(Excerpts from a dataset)
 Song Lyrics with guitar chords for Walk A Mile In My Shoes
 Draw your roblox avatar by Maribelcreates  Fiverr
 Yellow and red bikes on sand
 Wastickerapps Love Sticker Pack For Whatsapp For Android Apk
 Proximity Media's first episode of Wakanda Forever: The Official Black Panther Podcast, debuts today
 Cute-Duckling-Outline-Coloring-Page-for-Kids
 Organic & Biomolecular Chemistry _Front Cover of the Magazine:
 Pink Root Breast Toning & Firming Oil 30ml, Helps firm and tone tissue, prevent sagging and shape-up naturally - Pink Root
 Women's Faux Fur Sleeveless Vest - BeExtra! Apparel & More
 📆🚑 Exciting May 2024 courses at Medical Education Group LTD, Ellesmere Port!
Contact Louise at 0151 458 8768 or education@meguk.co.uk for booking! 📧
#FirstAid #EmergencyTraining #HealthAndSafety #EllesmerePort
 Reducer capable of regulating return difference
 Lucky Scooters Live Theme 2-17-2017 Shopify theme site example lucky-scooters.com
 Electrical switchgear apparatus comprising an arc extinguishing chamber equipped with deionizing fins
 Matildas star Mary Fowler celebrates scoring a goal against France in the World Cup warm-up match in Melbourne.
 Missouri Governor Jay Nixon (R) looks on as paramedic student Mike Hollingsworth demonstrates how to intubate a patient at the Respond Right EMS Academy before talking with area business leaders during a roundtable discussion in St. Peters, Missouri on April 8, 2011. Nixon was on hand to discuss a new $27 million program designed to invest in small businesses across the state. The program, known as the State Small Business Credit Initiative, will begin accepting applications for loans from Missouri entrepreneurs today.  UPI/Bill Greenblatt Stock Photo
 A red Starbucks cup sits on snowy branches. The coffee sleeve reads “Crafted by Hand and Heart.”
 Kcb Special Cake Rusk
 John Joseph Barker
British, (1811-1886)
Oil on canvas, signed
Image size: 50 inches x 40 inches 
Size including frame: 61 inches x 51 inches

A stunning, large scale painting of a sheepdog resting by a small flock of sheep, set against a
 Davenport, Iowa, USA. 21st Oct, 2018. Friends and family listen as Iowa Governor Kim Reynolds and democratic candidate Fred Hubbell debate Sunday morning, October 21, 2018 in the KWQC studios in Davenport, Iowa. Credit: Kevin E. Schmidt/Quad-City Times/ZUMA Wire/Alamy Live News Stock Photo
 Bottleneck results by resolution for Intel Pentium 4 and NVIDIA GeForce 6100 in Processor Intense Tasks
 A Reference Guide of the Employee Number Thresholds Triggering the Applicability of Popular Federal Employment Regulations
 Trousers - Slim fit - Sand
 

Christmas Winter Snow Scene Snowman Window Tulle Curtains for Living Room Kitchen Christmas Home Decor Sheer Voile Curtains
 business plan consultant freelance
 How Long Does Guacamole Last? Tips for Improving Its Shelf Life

§ HOW TO COMPLETE THIS TASK: Restate every entry word for word.

§ WRITTEN REPLY:
 Song Lyrics with guitar chords for Walk A Mile In My Shoes
 Draw your roblox avatar by Maribelcreates  Fiverr
 Yellow and red bikes on sand
 Wastickerapps Love Sticker Pack For Whatsapp For Android Apk
 Proximity Media's first episode of Wakanda Forever: The Official Black Panther Podcast, debuts today
 Cute-Duckling-Outline-Coloring-Page-for-Kids
 Organic & Biomolecular Chemistry _Front Cover of the Magazine:
 Pink Root Breast Toning & Firming Oil 30ml, Helps firm and tone tissue, prevent sagging and shape-up naturally - Pink Root
 Women's Faux Fur Sleeveless Vest - BeExtra! Apparel & More
 📆🚑 Exciting May 2024 courses at Medical Education Group LTD, Ellesmere Port!
Contact Louise at 0151 458 8768 or education@meguk.co.uk for booking! 📧
#FirstAid #EmergencyTraining #HealthAndSafety #EllesmerePort
 Reducer capable of regulating return difference
 Lucky Scooters Live Theme 2-17-2017 Shopify theme site example lucky-scooters.com
 Electrical switchgear apparatus comprising an arc extinguishing chamber equipped with deionizing fins
 Matildas star Mary Fowler celebrates scoring a goal against France in the World Cup warm-up match in Melbourne.
 Missouri Governor Jay Nixon (R) looks on as paramedic student Mike Hollingsworth demonstrates how to intubate a patient at the Respond Right EMS Academy before talking with area business leaders during a roundtable discussion in St. Peters, Missouri on April 8, 2011. Nixon was on hand to discuss a new $27 million program designed to invest in small businesses across the state. The program, known as the State Small Business Credit Initiative, will begin accepting applications for loans from Missouri entrepreneurs today.  UPI/Bill Greenblatt Stock Photo
 A red Starbucks cup sits on snowy branches. The coffee sleeve reads “Crafted by Hand and Heart.”
 Kcb Special Cake Rusk
 John Joseph Barker
British, (1811-1886)
Oil on canvas, signed
Image size: 50 inches x 40 inches 
Size including frame: 61 inches x 51 inches

A stunning, large scale painting of a sheepdog resting by a small flock of sheep, set against a
 Davenport, Iowa, USA. 21st Oct, 2018. Friends and family listen as Iowa Governor Kim Reynolds and democratic candidate Fred Hubbell debate Sunday morning, October 21, 2018 in the KWQC studios in Davenport, Iowa. Credit: Kevin E. Schmidt/Quad-City Times/ZUMA Wire/Alamy Live News Stock Photo
 Bottleneck results by resolution for Intel Pentium 4 and NVIDIA GeForce 6100 in Processor Intense Tasks
 A Reference Guide of the Employee Number Thresholds Triggering the Applicability of Popular Federal Employment Regulations
 Trousers - Slim fit - Sand
 

Christmas Winter Snow Scene Snowman Window Tulle Curtains for Living Room Kitchen Christmas Home Decor Sheer Voile Curtains
 business plan consultant freelance
 How Long Does Guacamole Last? Tips for Improving Its Shelf Life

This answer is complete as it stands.